Copy word for word the lines in the records below, starting at the line with "Mr Eazi and" and ending at the line with "Cra-Z-Art Nickelodeon Slime Kit, Stress Less". Skip the pictures.

--- Provided records Enclosed Below ---

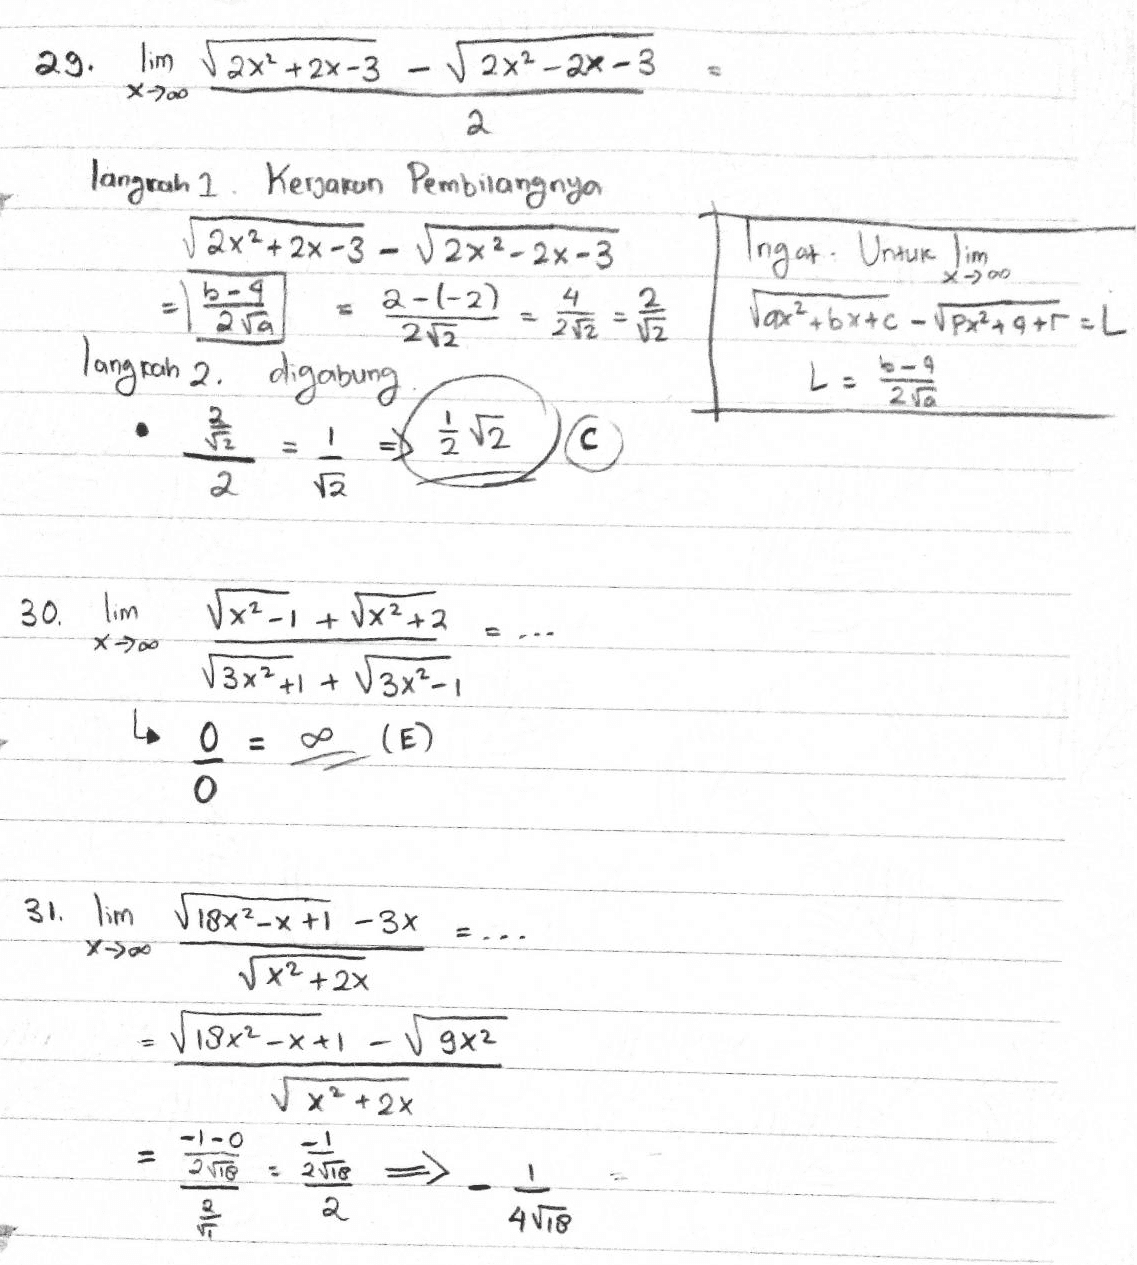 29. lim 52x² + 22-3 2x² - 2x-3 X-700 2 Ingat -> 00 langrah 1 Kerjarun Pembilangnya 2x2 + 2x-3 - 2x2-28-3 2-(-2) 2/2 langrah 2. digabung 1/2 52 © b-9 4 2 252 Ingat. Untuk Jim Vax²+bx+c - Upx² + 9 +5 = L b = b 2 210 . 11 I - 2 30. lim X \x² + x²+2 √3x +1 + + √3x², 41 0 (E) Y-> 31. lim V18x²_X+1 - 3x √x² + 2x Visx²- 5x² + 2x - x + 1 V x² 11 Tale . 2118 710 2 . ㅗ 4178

--- End of Enclosed Provided records ---
--- Provided records Enclosed Below ---

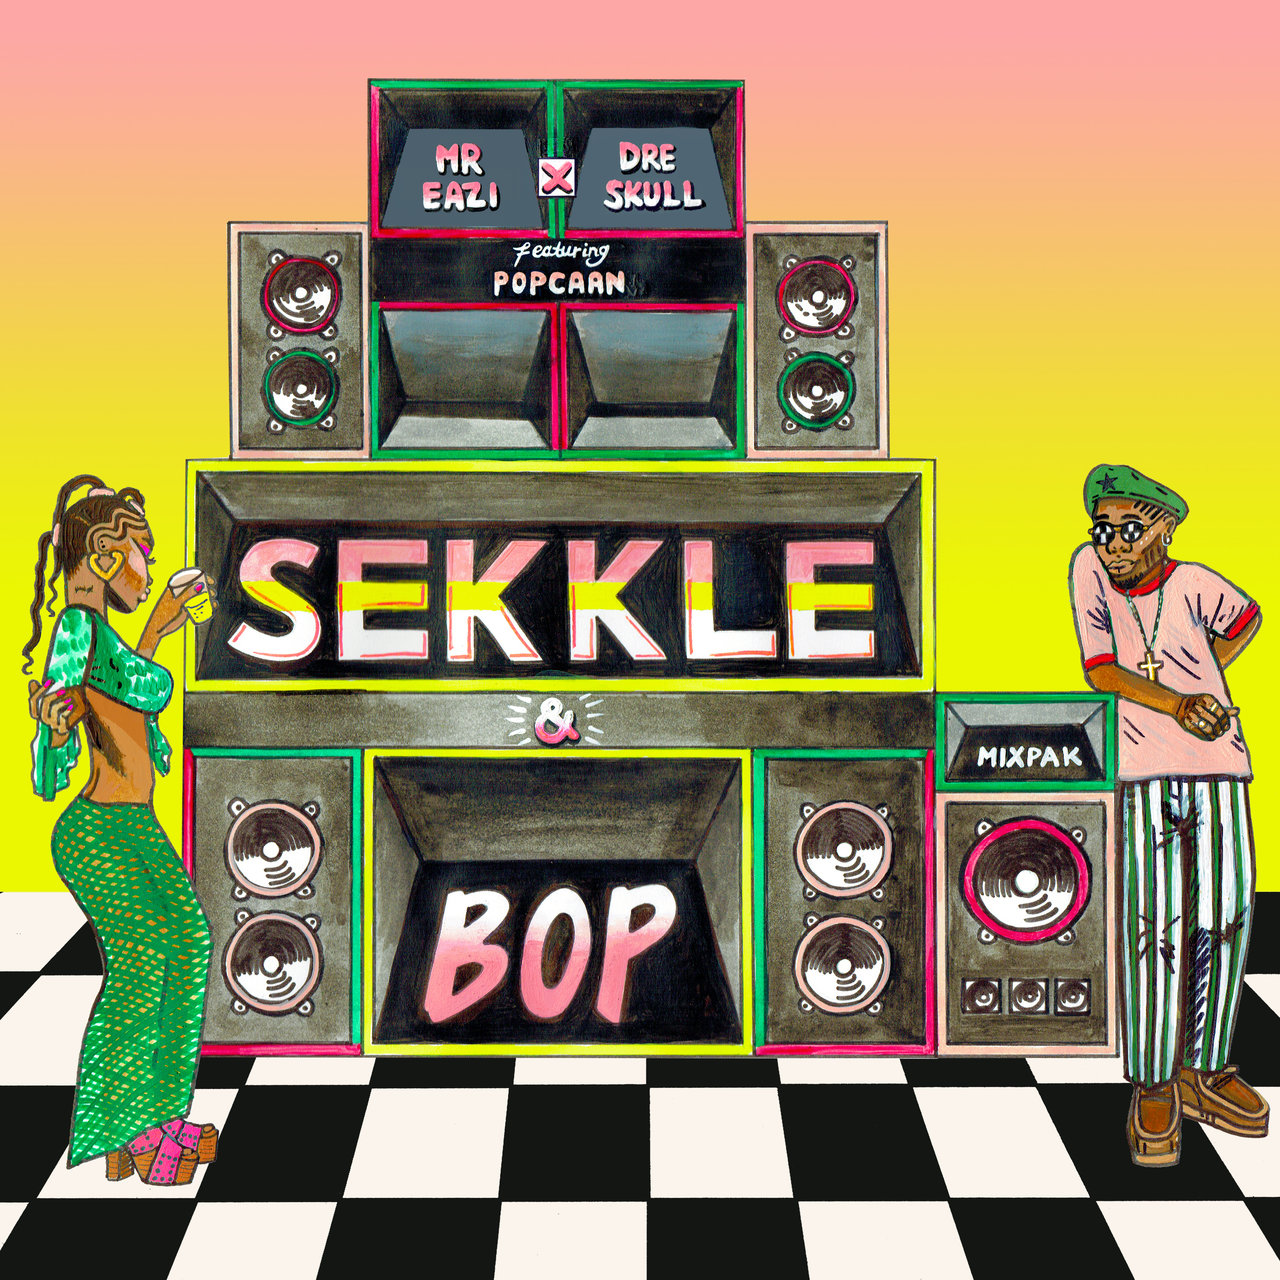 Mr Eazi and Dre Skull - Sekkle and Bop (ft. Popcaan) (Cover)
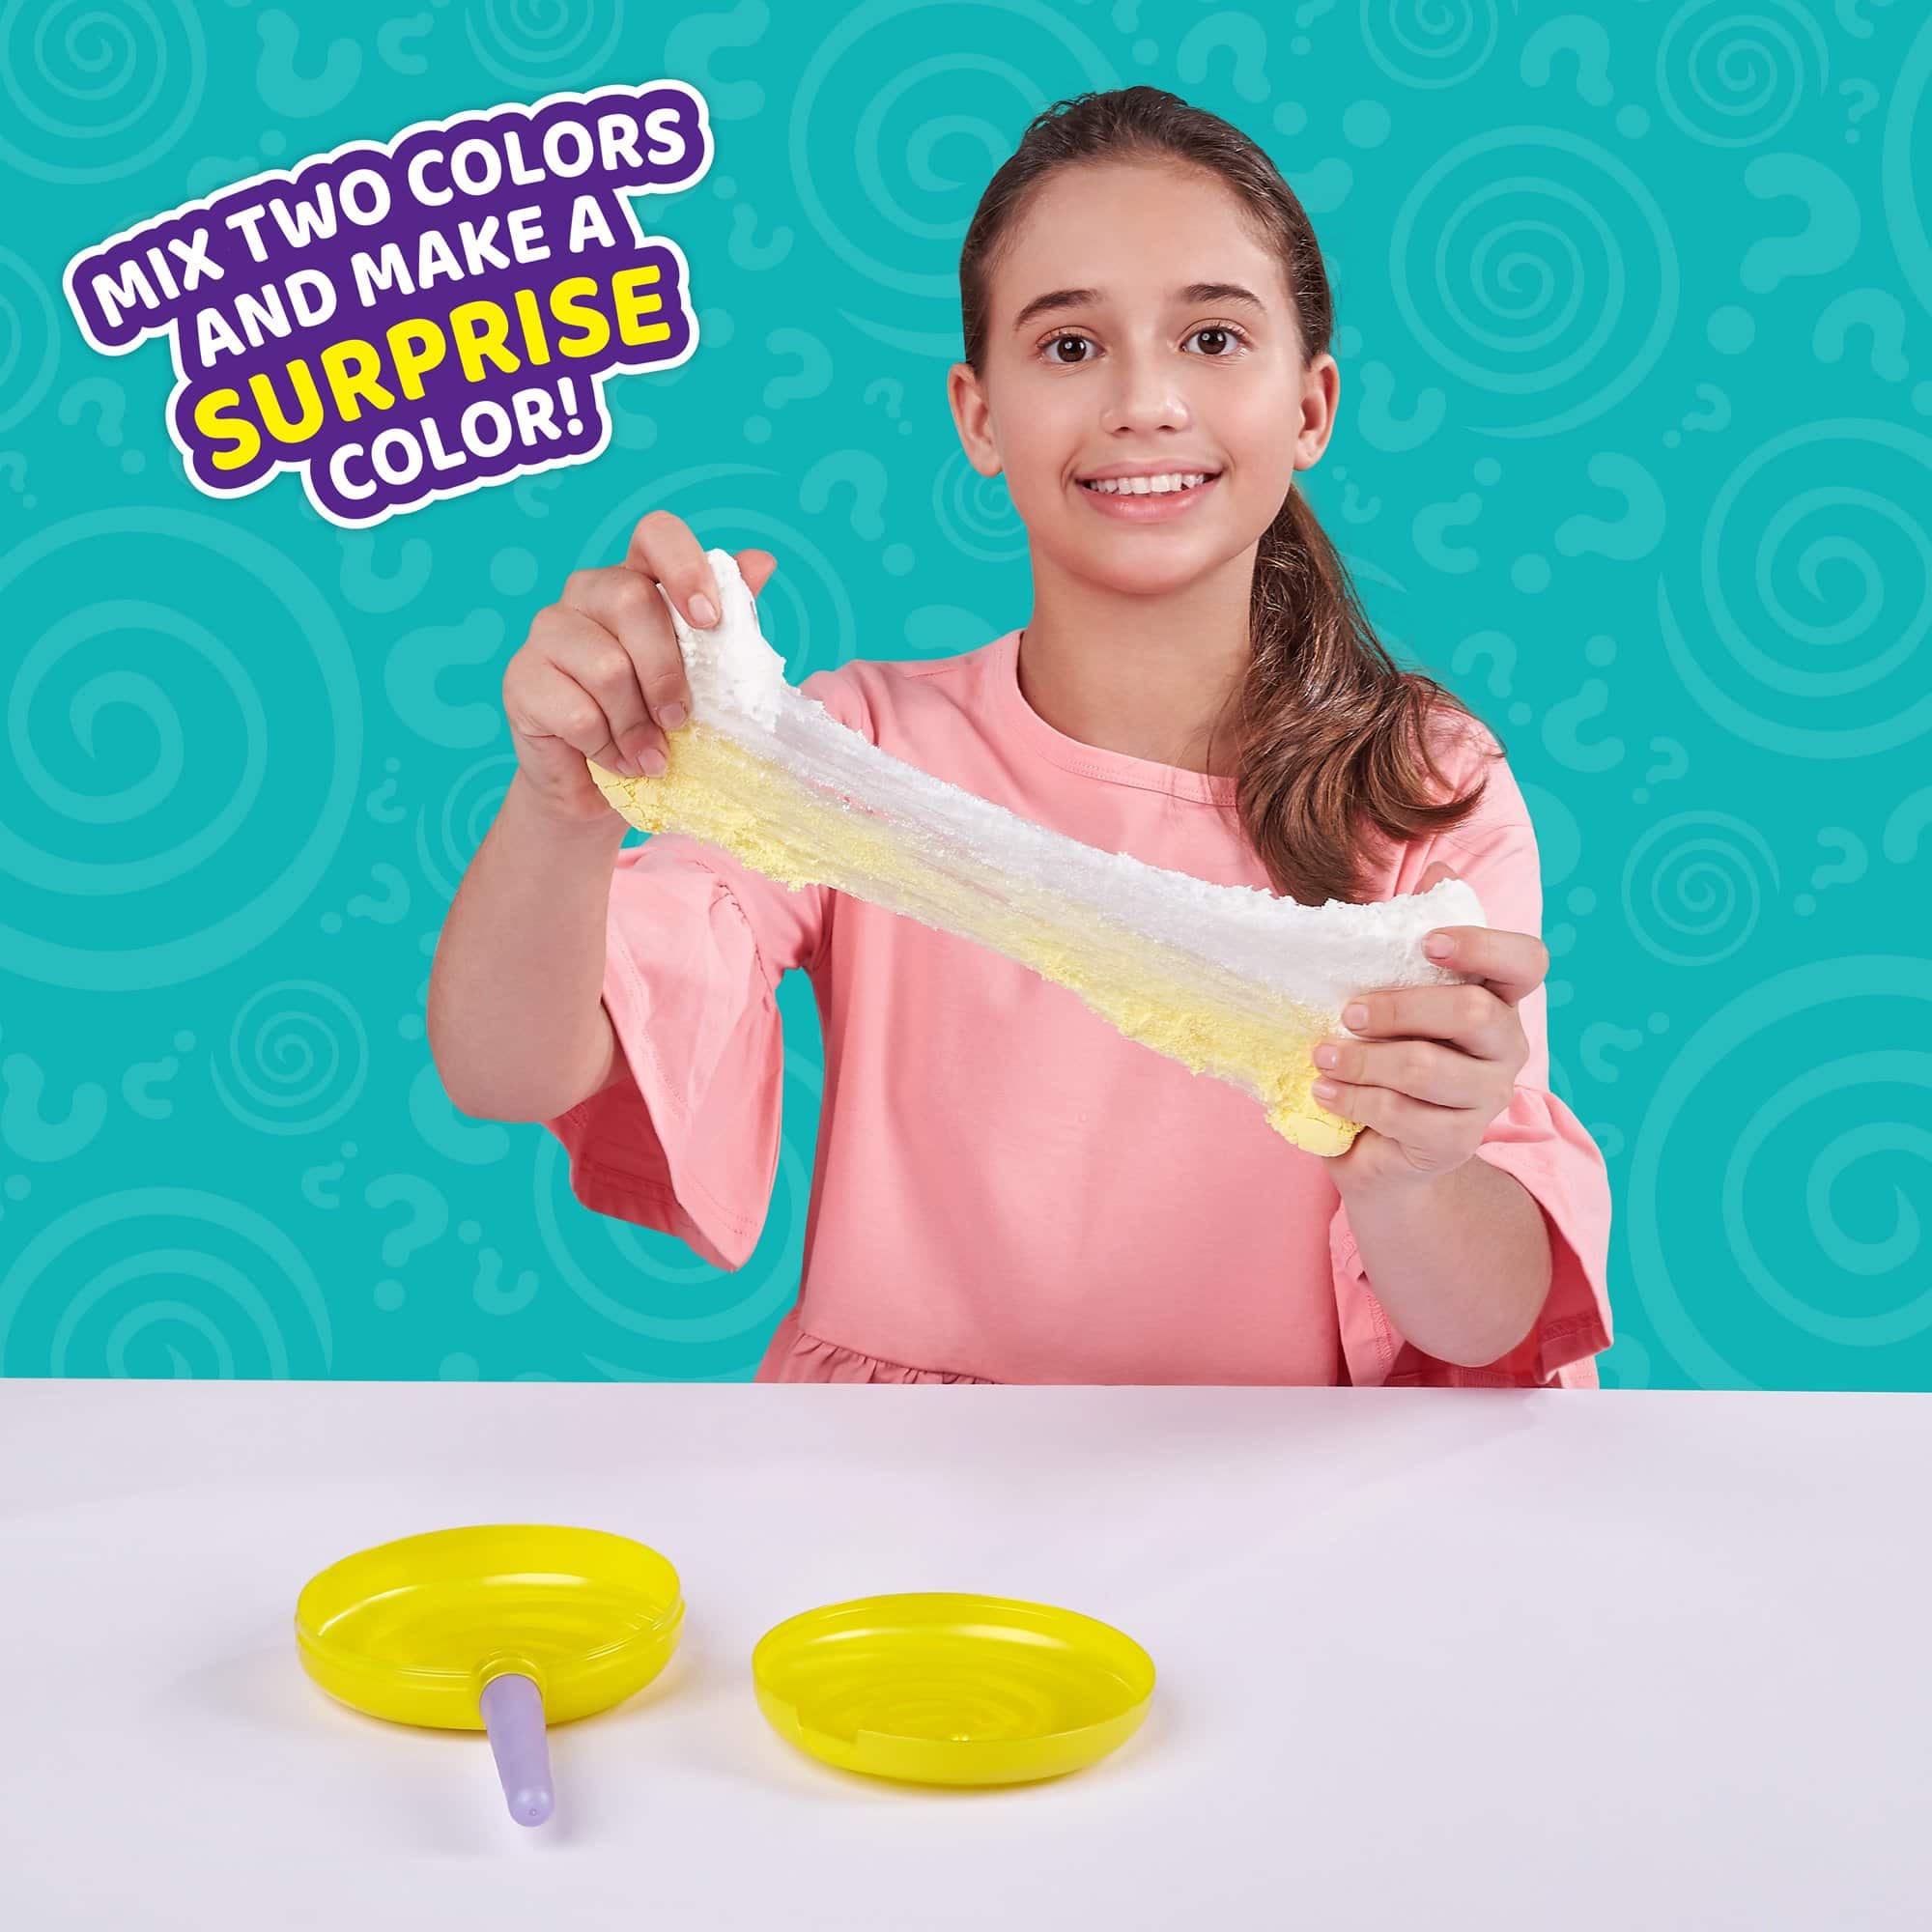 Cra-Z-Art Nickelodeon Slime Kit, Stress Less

--- End of Enclosed Provided records ---

• _Solution for this task_
 Mr Eazi and Dre Skull - Sekkle and Bop (ft. Popcaan) (Cover)
 Cra-Z-Art Nickelodeon Slime Kit, Stress Less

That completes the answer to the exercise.